*** INPUT DATA Section Begins ***

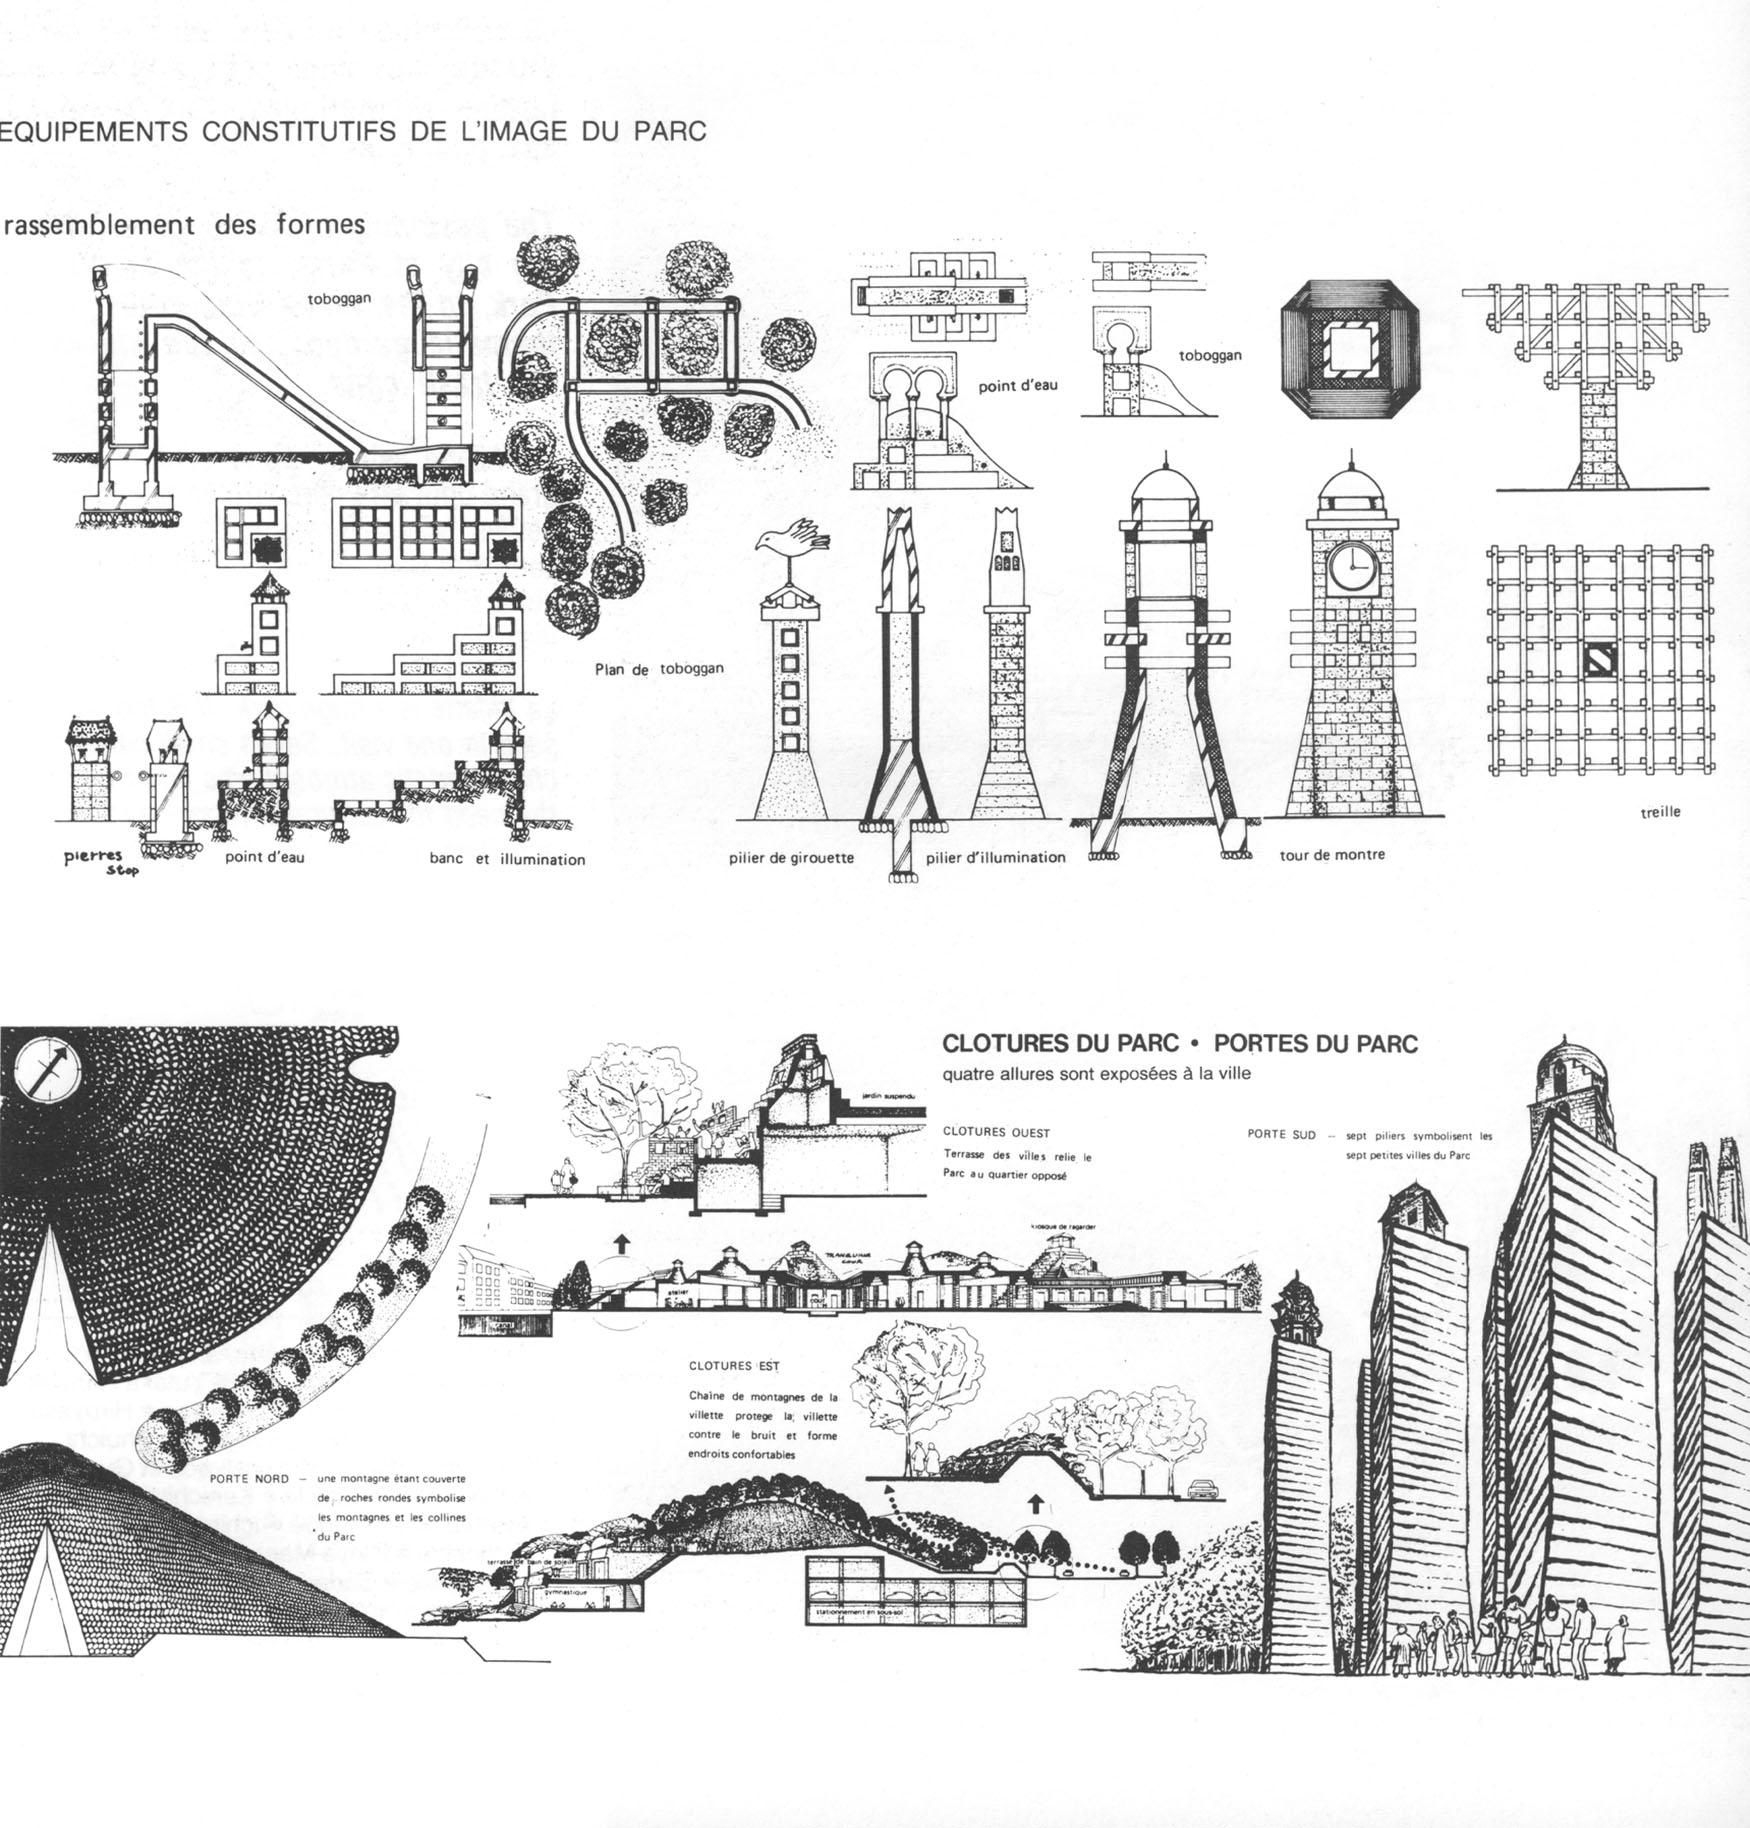 oma parc de la villette diagram pioneer deh 1850 wiring penccil paris
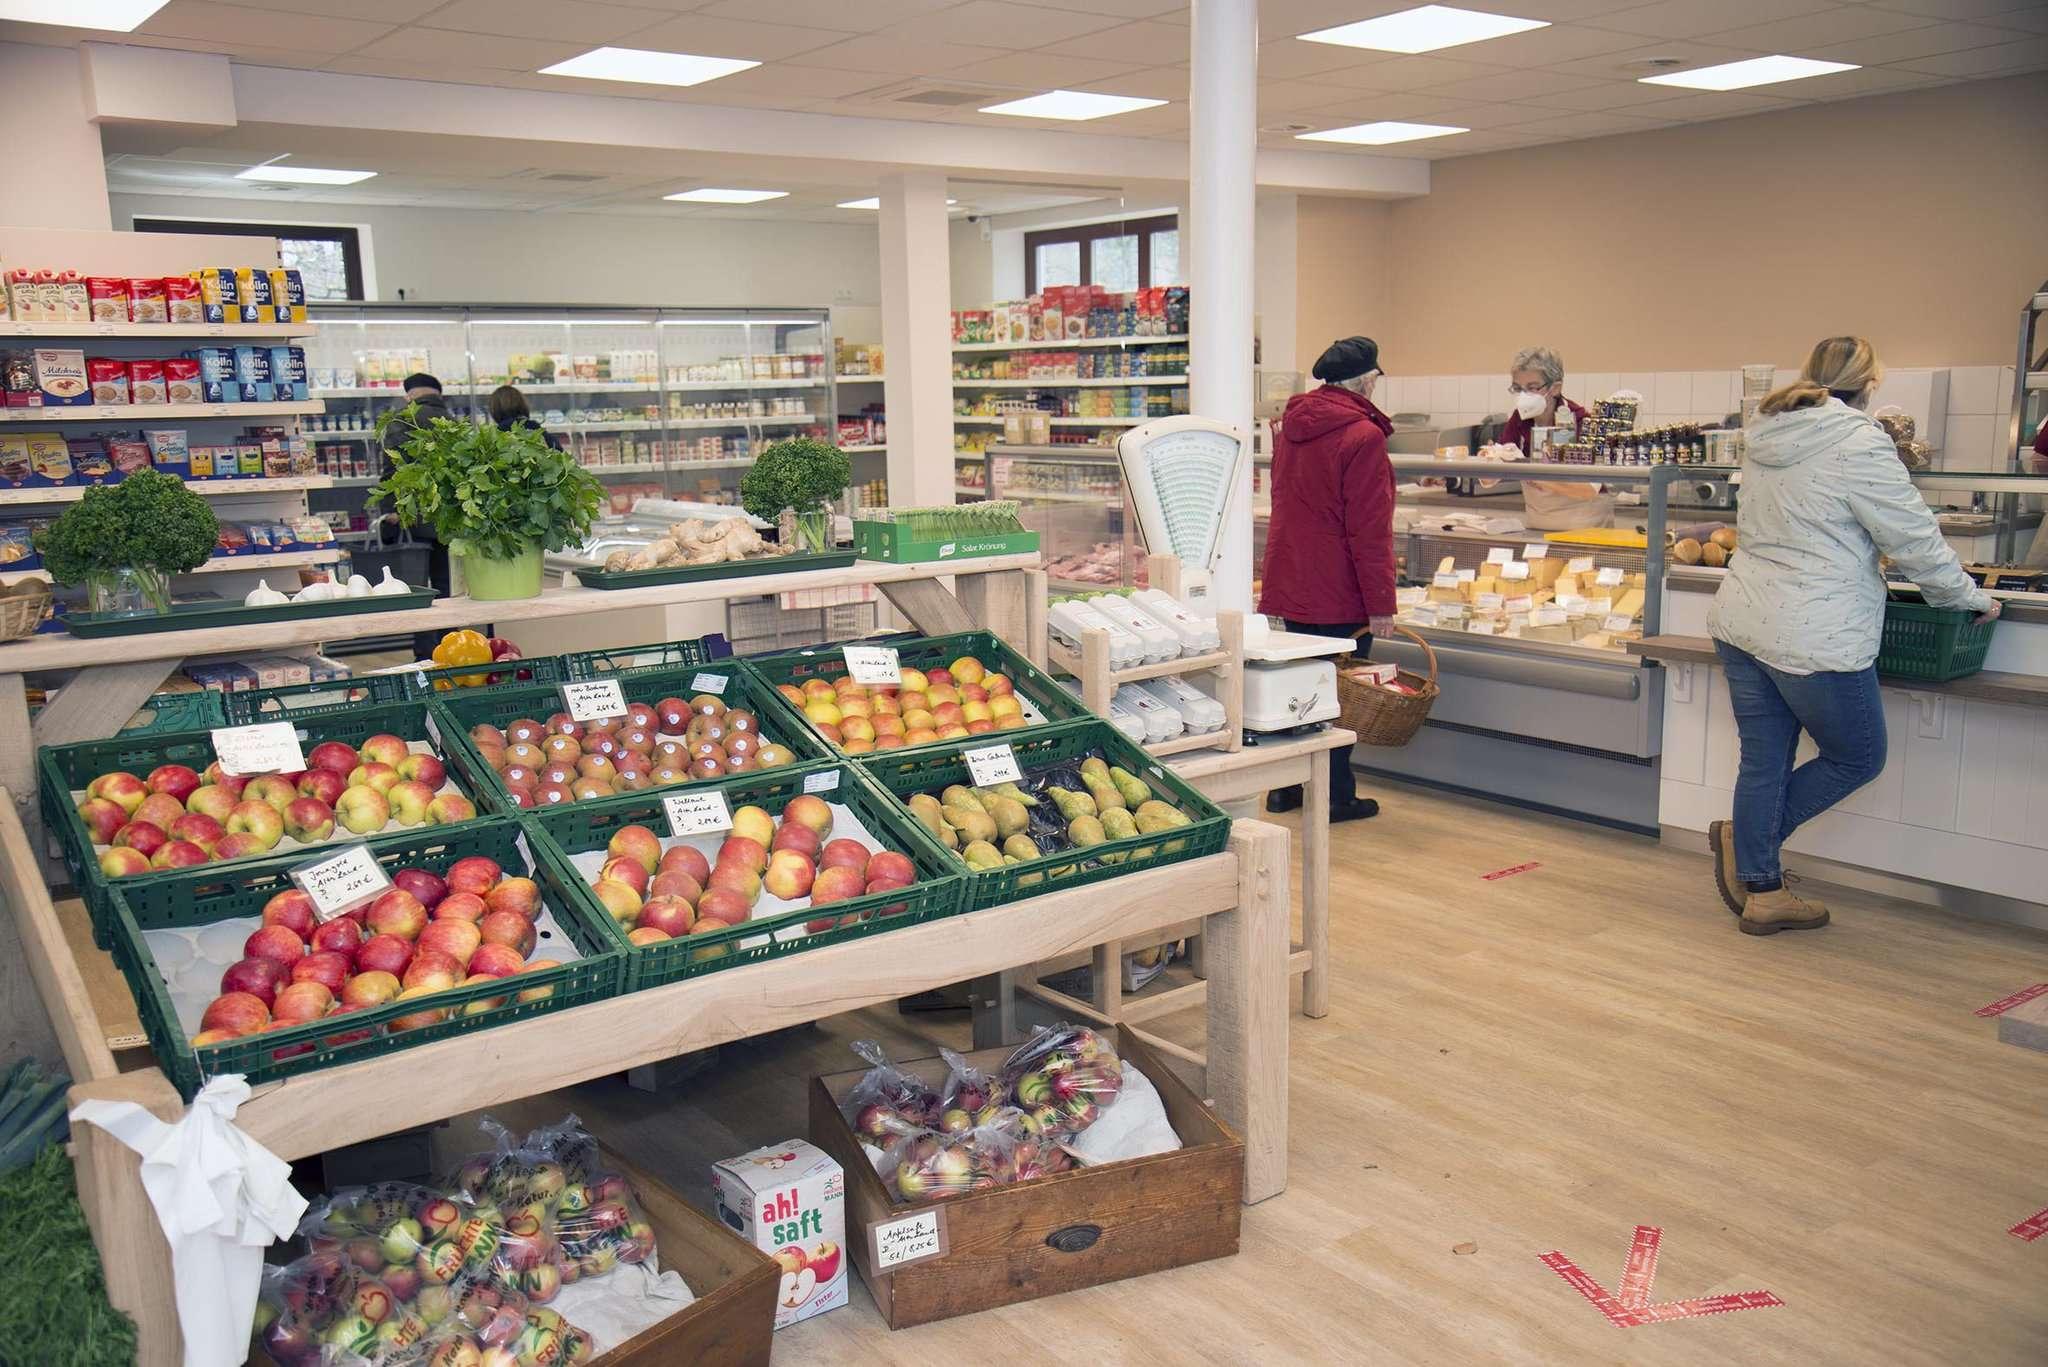 Die Kunden freuen sich über das helle Ambiente und die große Auswahl. Rund 2.000 Artikel sind im Dorfladen in Otterstedt im Angebot. Foto: Dietmar Plath
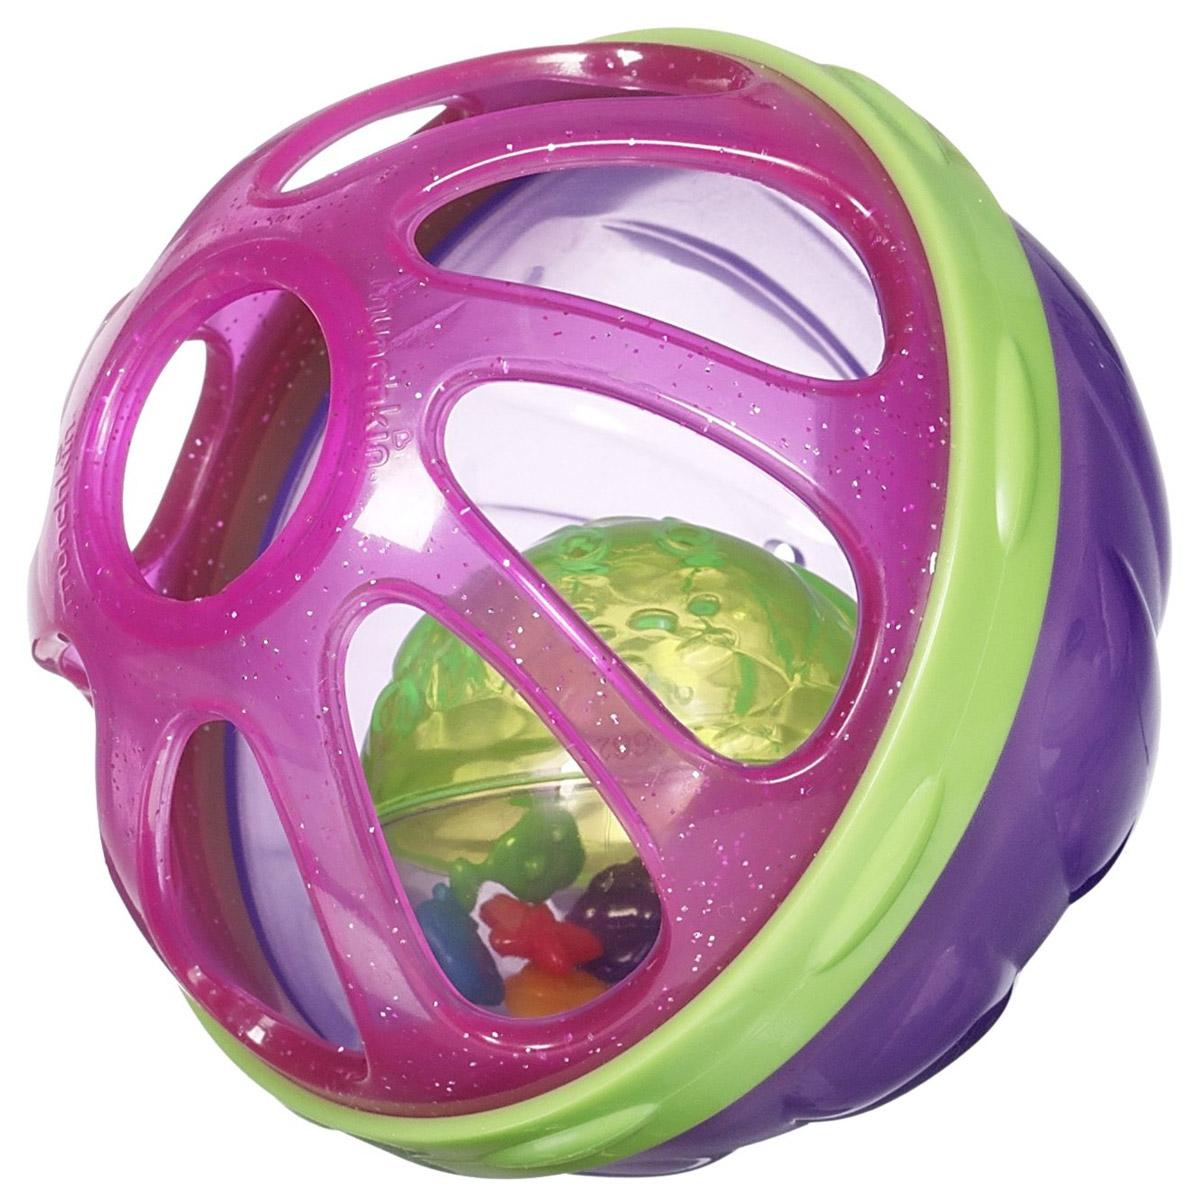 Munchkin Игрушки для ванны Мячик цвет фиолетовый розовый зеленый munchkin игрушка для ванной мячик

*** INPUT DATA Section Ends ***

## INSTRUCTIONS TO FOLLOW:
Everything in the material above should be reproduced exactly, except the pictures.

## RESULT OF THE TASK:
 oma parc de la villette diagram pioneer deh 1850 wiring penccil paris
 Die Kunden freuen sich über das helle Ambiente und die große Auswahl. Rund 2.000 Artikel sind im Dorfladen in Otterstedt im Angebot. Foto: Dietmar Plath
 Munchkin Игрушки для ванны Мячик цвет фиолетовый розовый зеленый munchkin игрушка для ванной мячик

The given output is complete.